- Theatrical release poster
- Hebrew: ביקור התזמורת
- Directed by: Eran Kolirin
- Written by: Eran Kolirin
- Produced by: Ehud Bleiberg Koby Gal-Raday Guy Jacoel Eylon Ratzkovsky Yossi Uzrad
- Starring: Saleh Bakri; Ronit Elkabetz; Sasson Gabai; Uri Gavriel;
- Cinematography: Shai Goldman
- Edited by: Arik Leibovitch
- Music by: Habib Shehadeh Hanna
- Distributed by: Sophie Dulac Distribution (France); Sony Pictures Classics (United States);
- Release dates: 19 May 2007 (Cannes); 13 September 2007;
- Running time: 87 minutes
- Countries: Israel France United States
- Languages: Arabic English Hebrew
- Box office: $14.6 million

= The Band's Visit =

The Band's Visit (ביקור התזמורת) is a 2007 comedy-drama film written and directed by Eran Kolirin, and starring Saleh Bakri, Ronit Elkabetz, Sasson Gabai and Uri Gavriel.
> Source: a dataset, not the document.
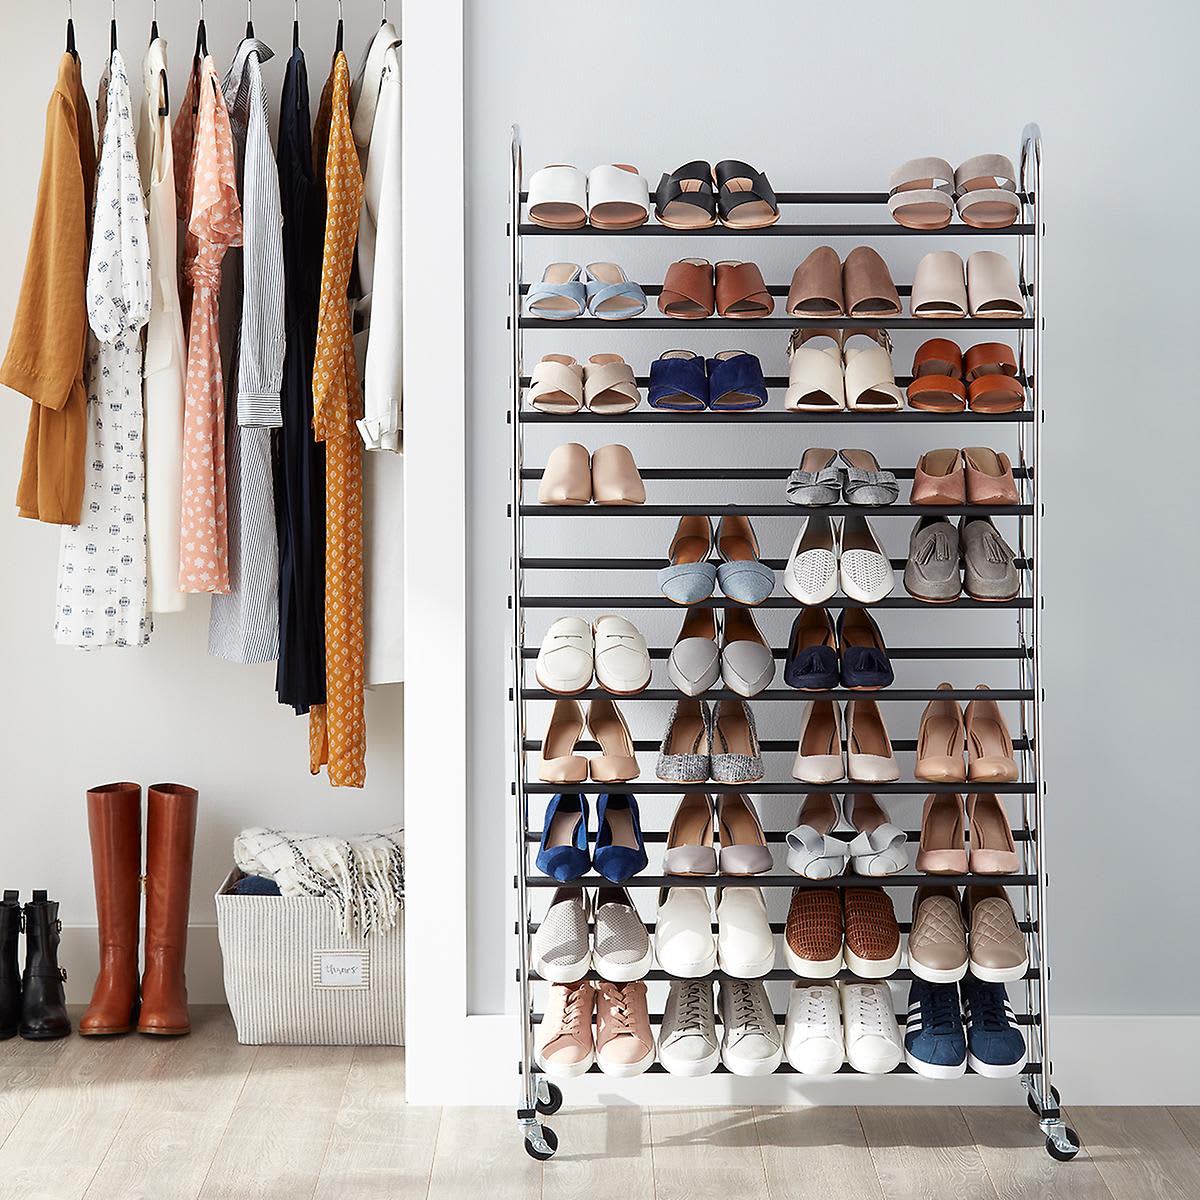 Best shoe storage solutions at home - Ideas by Mr Right

It is an international co-production between Israel, France and the United States.

The film received critical and audience acclaim. It won eight Ophir Prizes awarded by the Israeli Film Academy. It was Israel's original Foreign Language Film submission for the 80th Academy Awards, but was rejected by the Academy of Motion Picture Arts and Sciences because it contained over 50% English dialogue. Thus, Israel sent Beaufort instead, which was eventually included in the five final nominees.

==Synopsis==
The eight men of the Alexandria Ceremonial Police Orchestra arrive in Israel from Egypt. They have been booked by an Arab cultural center in Petah Tikva, but through a miscommunication (Arabic has no "p" sound, and regularly replaces it with "b"), the band takes a bus to Beit Hatikva, a fictional town in the middle of the Negev Desert.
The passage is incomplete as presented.